▶ [GOAL OF THE EXERCISE] Pull each line with the string "Front" from the entries.

(Data extracted from a collection)
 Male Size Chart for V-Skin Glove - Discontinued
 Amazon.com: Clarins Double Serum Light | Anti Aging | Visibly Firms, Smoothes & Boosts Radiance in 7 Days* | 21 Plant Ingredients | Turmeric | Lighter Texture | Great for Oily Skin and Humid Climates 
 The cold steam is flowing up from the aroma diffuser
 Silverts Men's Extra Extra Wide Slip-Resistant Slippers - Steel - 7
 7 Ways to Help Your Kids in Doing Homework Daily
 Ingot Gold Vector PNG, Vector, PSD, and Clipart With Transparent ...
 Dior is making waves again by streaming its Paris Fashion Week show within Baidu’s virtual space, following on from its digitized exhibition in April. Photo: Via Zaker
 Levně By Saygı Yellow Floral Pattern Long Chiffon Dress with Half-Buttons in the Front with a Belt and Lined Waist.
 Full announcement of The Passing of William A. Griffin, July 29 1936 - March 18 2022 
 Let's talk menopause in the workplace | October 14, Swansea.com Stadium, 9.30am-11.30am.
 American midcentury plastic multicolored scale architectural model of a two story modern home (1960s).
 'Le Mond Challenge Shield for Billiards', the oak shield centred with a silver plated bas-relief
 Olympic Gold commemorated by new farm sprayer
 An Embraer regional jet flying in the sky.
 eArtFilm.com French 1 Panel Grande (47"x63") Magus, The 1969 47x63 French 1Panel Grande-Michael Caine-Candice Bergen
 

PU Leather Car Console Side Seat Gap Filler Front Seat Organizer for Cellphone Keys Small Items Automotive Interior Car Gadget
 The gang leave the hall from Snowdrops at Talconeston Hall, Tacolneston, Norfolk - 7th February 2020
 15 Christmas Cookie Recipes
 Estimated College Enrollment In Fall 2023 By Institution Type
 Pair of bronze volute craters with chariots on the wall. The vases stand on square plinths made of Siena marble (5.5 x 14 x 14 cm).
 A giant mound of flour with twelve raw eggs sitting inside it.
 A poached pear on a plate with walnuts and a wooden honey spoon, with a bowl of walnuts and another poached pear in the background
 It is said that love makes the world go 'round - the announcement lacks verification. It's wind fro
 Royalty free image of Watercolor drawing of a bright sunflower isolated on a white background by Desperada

▶ [ANSWER FOR THIS EXERCISE]
 Levně By Saygı Yellow Floral Pattern Long Chiffon Dress with Half-Buttons in the Front with a Belt and Lined Waist.
PU Leather Car Console Side Seat Gap Filler Front Seat Organizer for Cellphone Keys Small Items Automotive Interior Car Gadget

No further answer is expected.